§ Exercise brief: The line with "5月23日開通・応急迂回ルート【紫色】を追加" marks where to begin; print it and all lines after it in the material below exactly, skipping pictures.

§ Material provided:
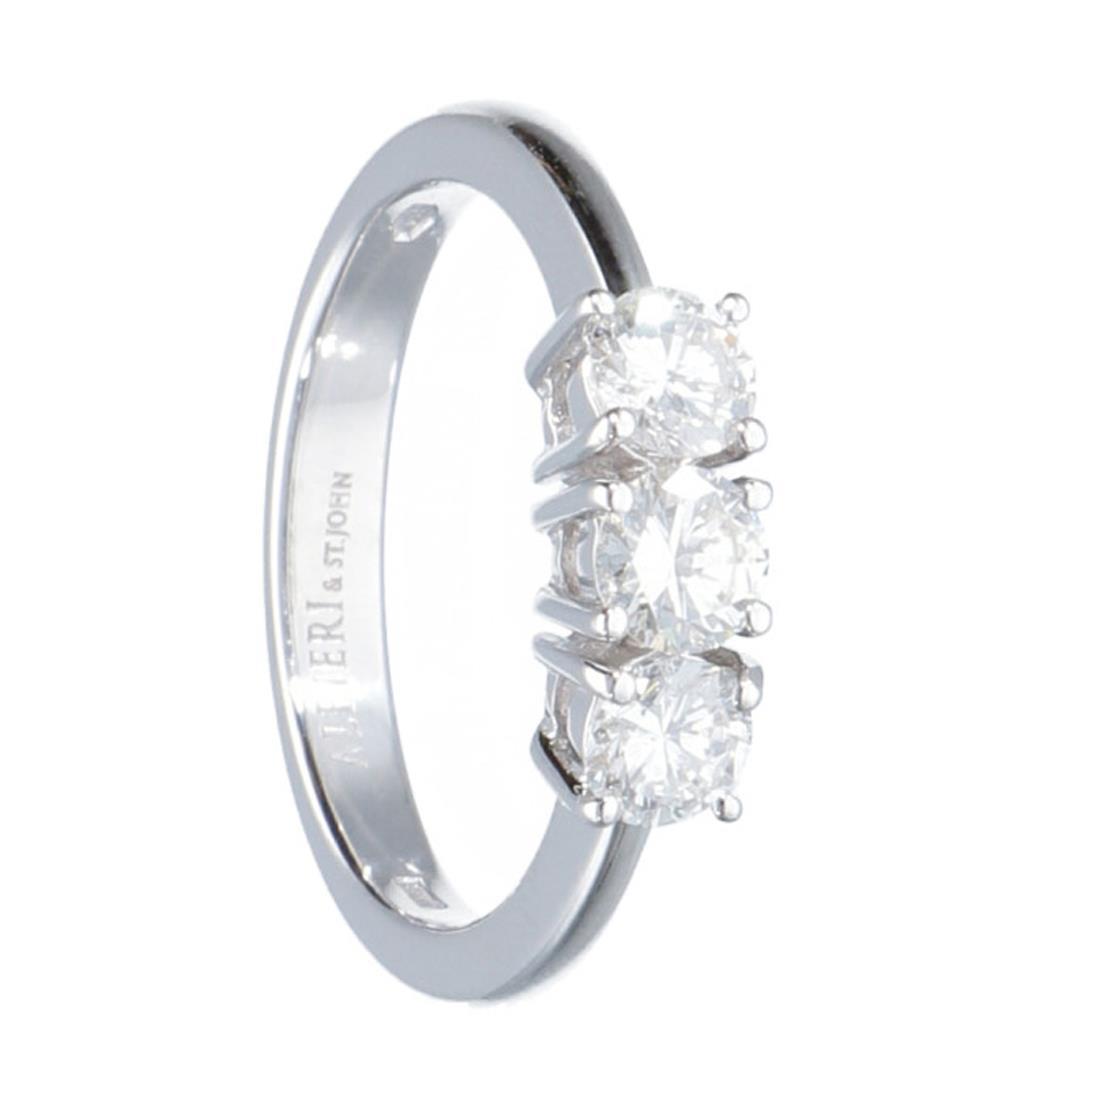 Anello trilogy in oro bianco con diamanti 0.90 ct - ALFIERI ST JOHN
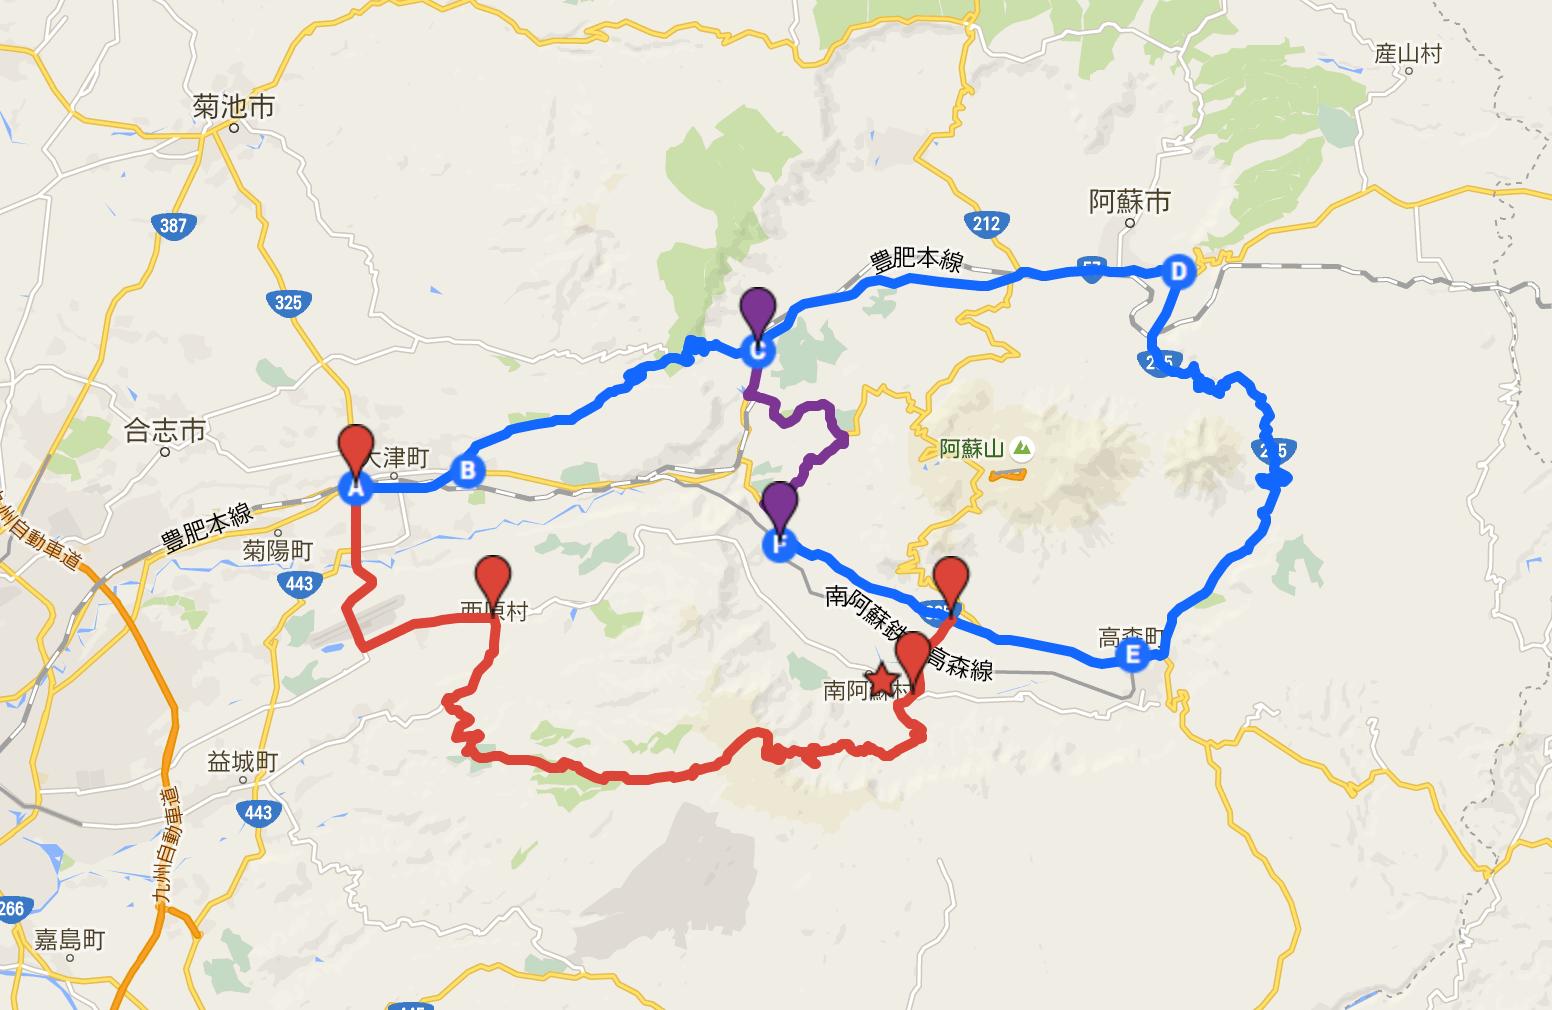 5月23日開通・応急迂回ルート【紫色】を追加
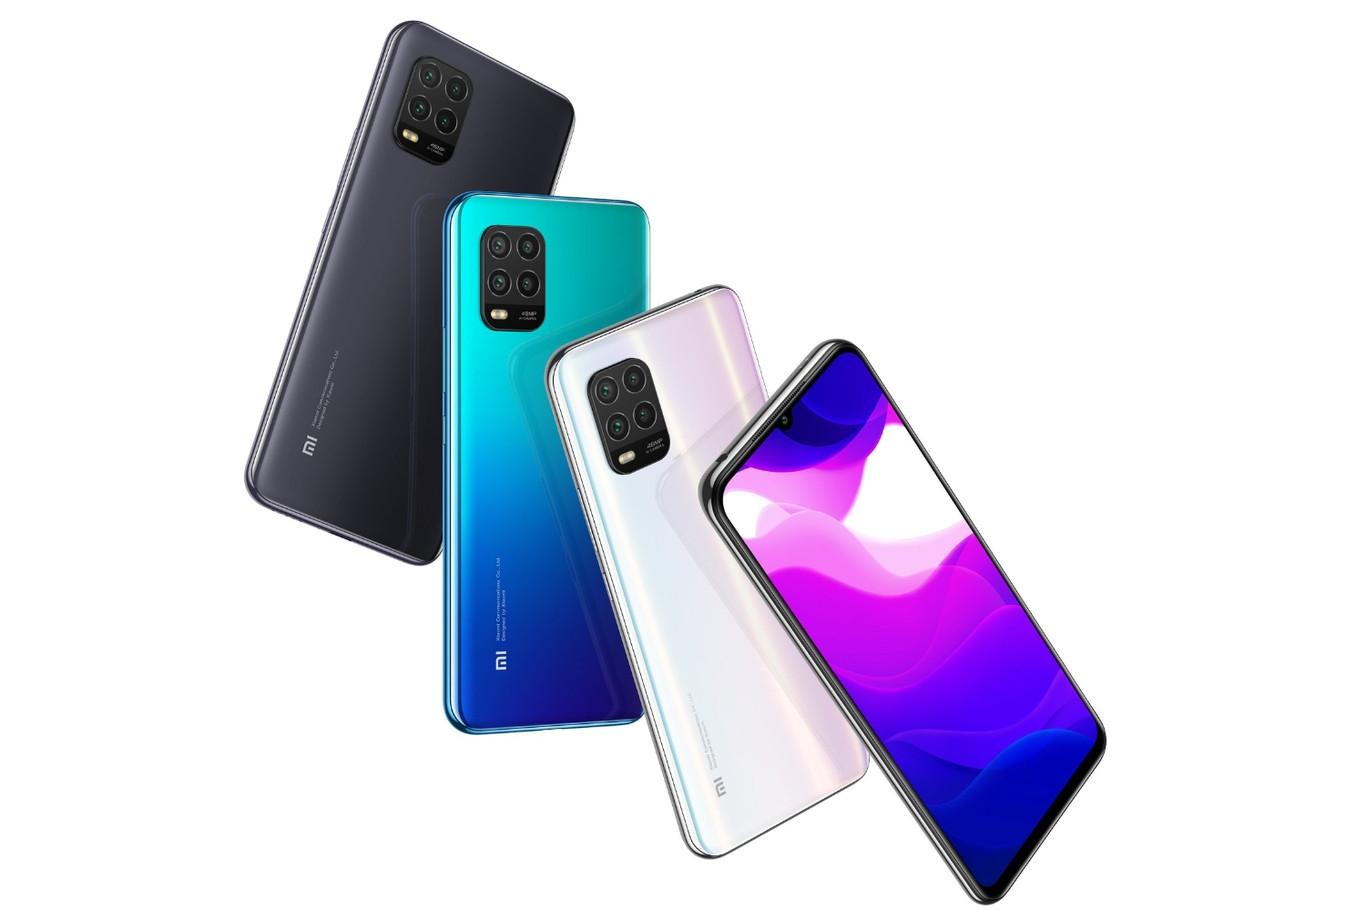 Xiaomi Mi 10 Lite: новый представитель топовой серии с 5G - Rozetked.me
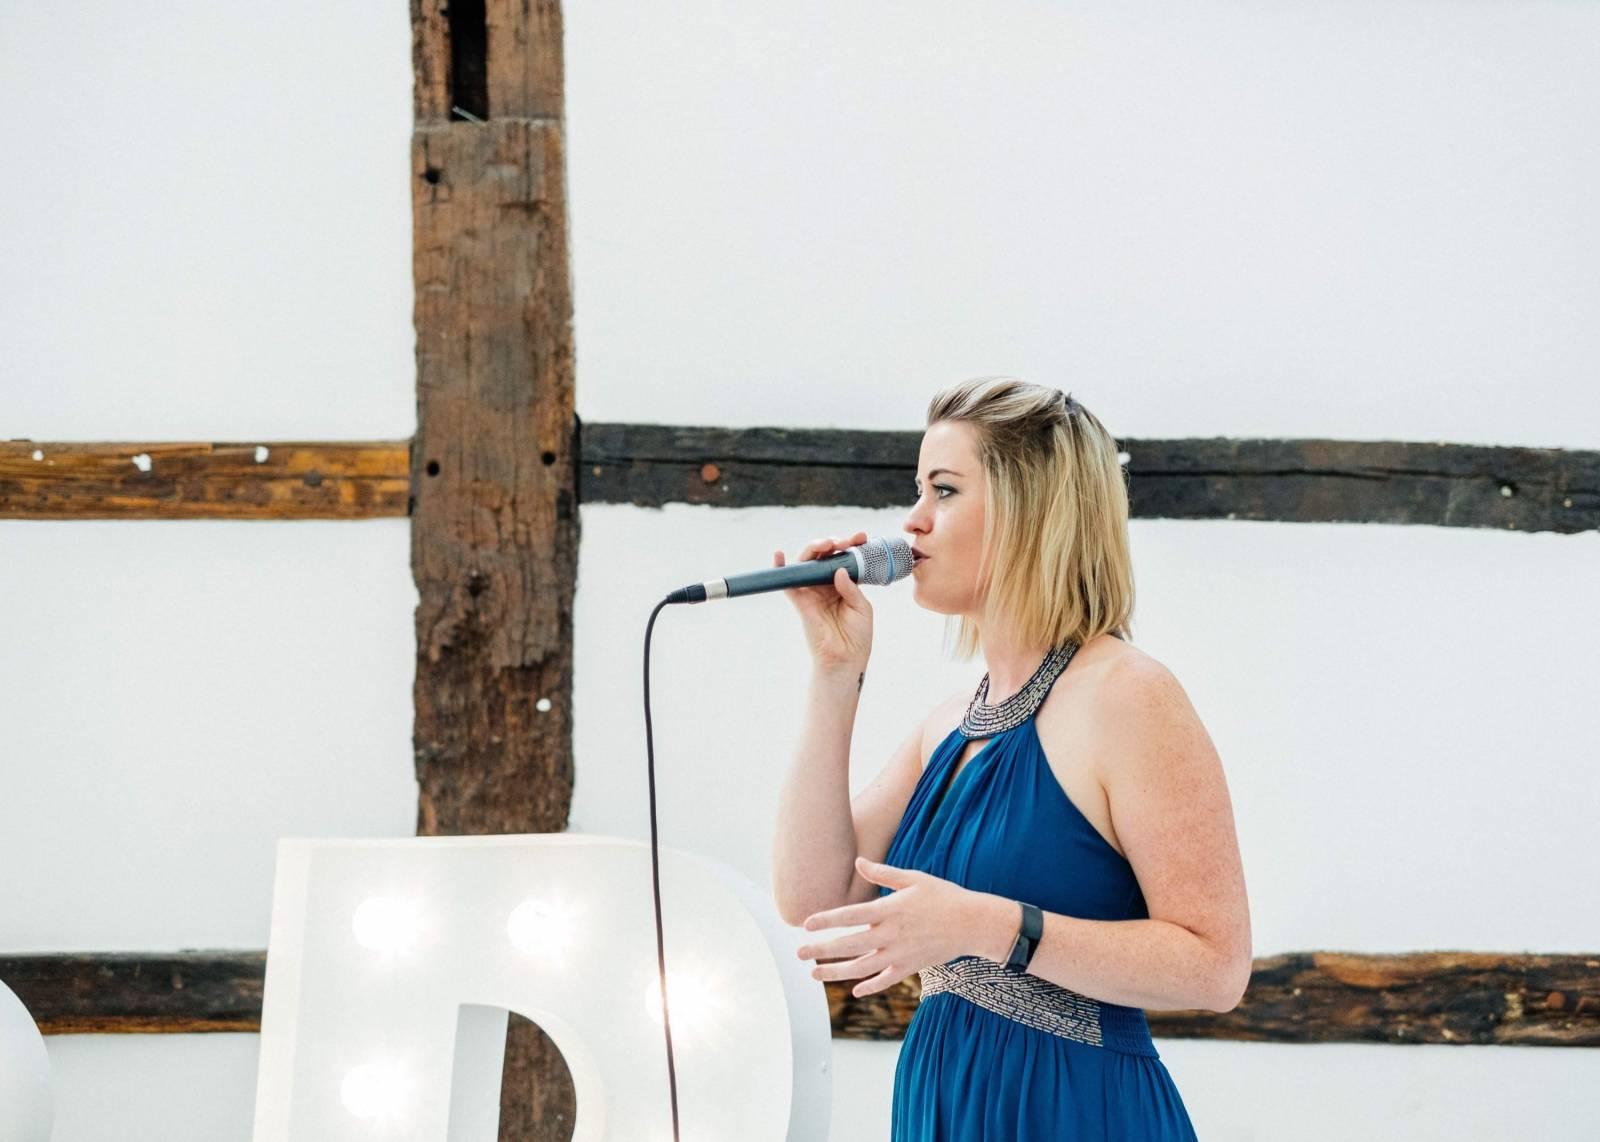 Zina - Ceremoniemuziek - Live muziek - Zangeres - Huwelijk - Trouw - Bruiloft - House of Weddings - 16

§ Task output:
 5月23日開通・応急迂回ルート【紫色】を追加
 Xiaomi Mi 10 Lite: новый представитель топовой серии с 5G - Rozetked.me
 Zina - Ceremoniemuziek - Live muziek - Zangeres - Huwelijk - Trouw - Bruiloft - House of Weddings - 16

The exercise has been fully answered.